What is an example of de facto sovereignty? ›

For example, Oliver Cromwell became de facto sovereign after he had dismissed the Long Parliament. Napoleon became the de facto sovereign after he had overthrown the Directory. Likewise, Franco became the de facto sovereign after he had dislodged the legal sovereign in Spain.

What does de facto mean in simple terms? ›

1 : actual especially : being such in effect though not formally recognized — see also de facto segregation at segregation. 2 : exercising power as if legally constituted or authorized a de facto government a de facto judge — compare de jure.

Why does de facto segregation typically occur quizlet? ›

Why does de facto segregation typically occur? People choose to live with others who share their racial and ethnic characteristics.

What is de facto simple meaning? ›

De facto is used to indicate that something is a particular thing, even though it was not planned or intended to be that thing. [formal] This might be interpreted as a de facto recognition of the republic's independence. Synonyms: actual, real, effective, existing More Synonyms of de facto. De facto is also an adverb.

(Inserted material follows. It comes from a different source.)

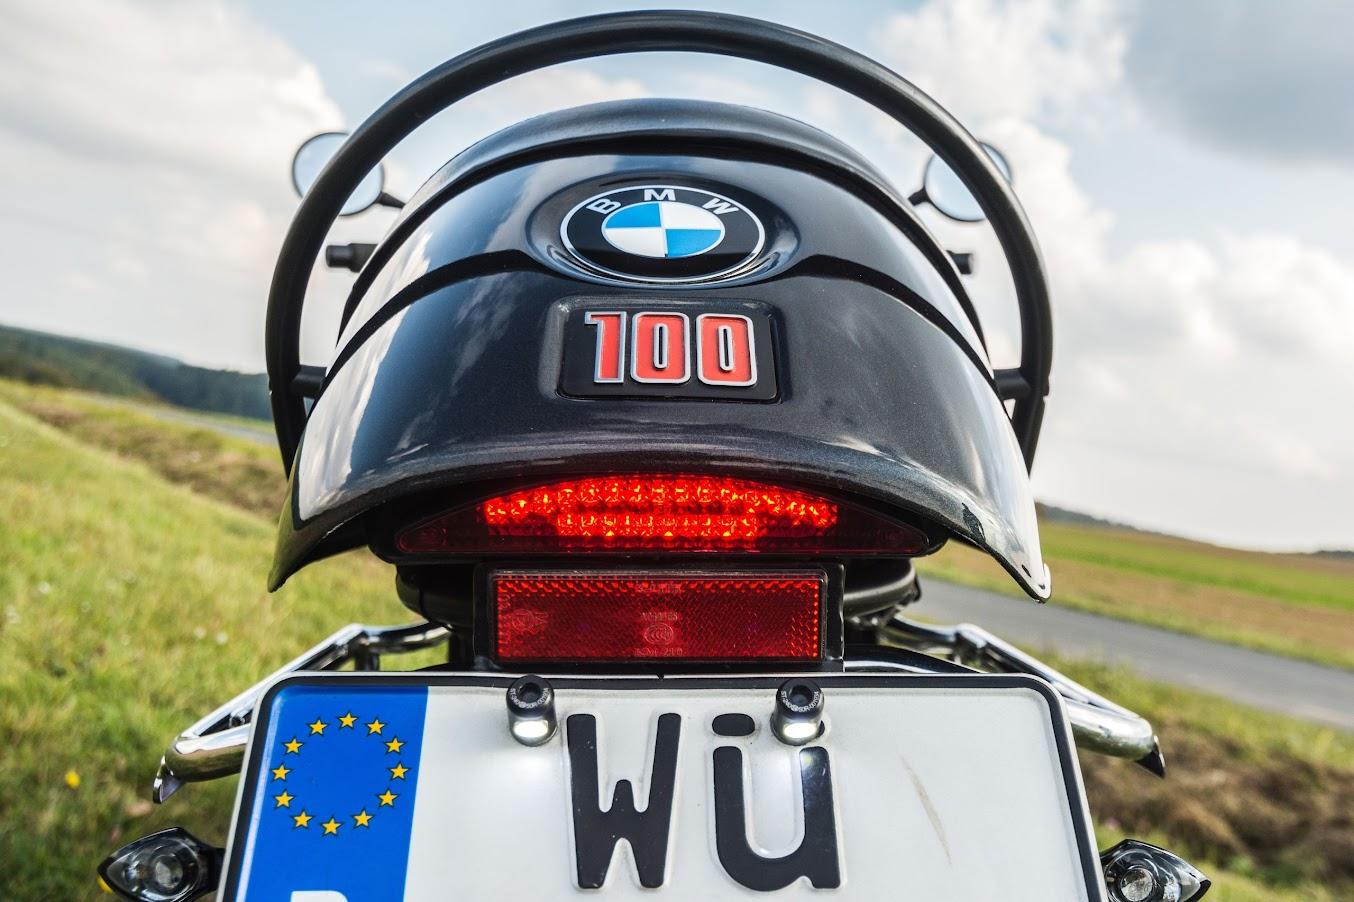 LED Rücklicht an BMW R 100 R mit R 100 S Heckrahmen und Kotflügel

What was de facto segregation civil rights and the Vietnam War? ›

Terms in this set (20) What was "de facto" segregation? Separation that occurred through intimidation, violence, and unfair laws.

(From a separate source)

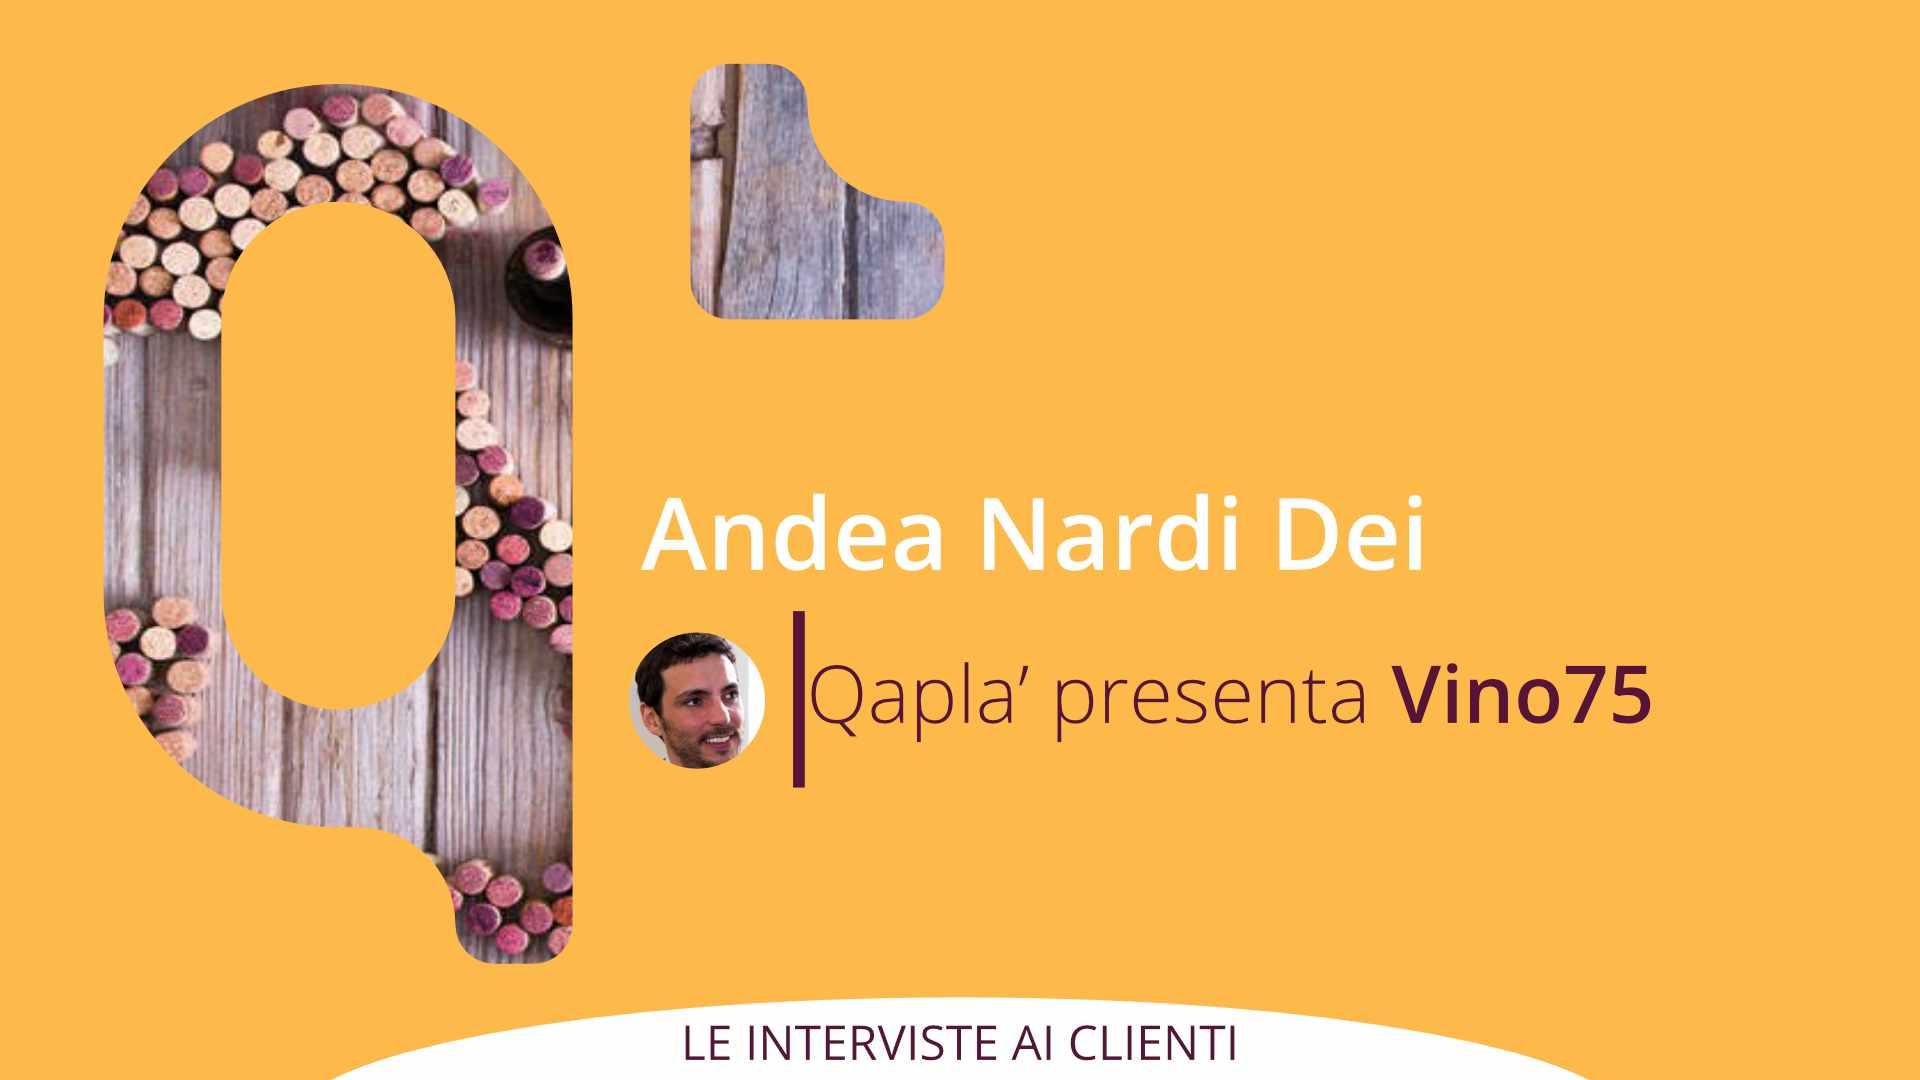 La logistica e il vino: intervista ad Andrea Nardi Dei

What causes de facto segregation? ›

De facto segregation may be the result of a combination of events outside the government's control, but that does not extinguish the fact black students and Hispanic students are suffering under the effects of living in a segregated society.

What is the difference between segregation and de facto segregation? ›

De jure segregation is understood to be unconstitutional in the United States, requiring a proactive remedy. When segregation is deemed de facto, the state bears no burden of redress.

How do we address de facto discrimination quizlet? ›

Affirmative action is a deliberate effort to counteract de facto discrimination and provide full and equal opportunity in areas such as education and employment for traditionally disadvantaged groups. This policy attempts to require providers of opportunities to show that their policies are not discriminatory.

What is the difference between de jure and de facto segregation quizlet? ›

Were they successful? The difference between de facto and de jure segregation is that defacto segregation is unintentional separation of racial groups whereas dejure segregation occurs when the government implements laws to intentionally enforce segregation.

What is the main difference de facto and de jure segregation? ›

What is the difference between de facto and de jure segregation? DE FACTO segregation exists by practice and custom. DE JURE segregation exists by law.

What does de facto mean in government? ›

A "de facto government" comes into, or remains in, power by means not provided for in the country's constitution, such as a coup d'état, revolution, usurpation, abrogation or suspension of the constitution.

What is a de facto state of war? ›

Abkhazia, Transdniestria, and northern Cyprus will be called de facto states. The term refers to a place that exercises internal sovereignty over its citizens but is not recognized by most of the world as the de jure legal authority in that territory.

What can a de facto claim? ›

De facto rights in NSW are the same as married couples' rights when it concerns property settlement.
...
De Facto Rights In NSW: Property Settlement
  • They were in a de facto relationship for at least two years.
  • There is a child of the de facto relationship.
  • The de facto relationship was registered in a state or territory.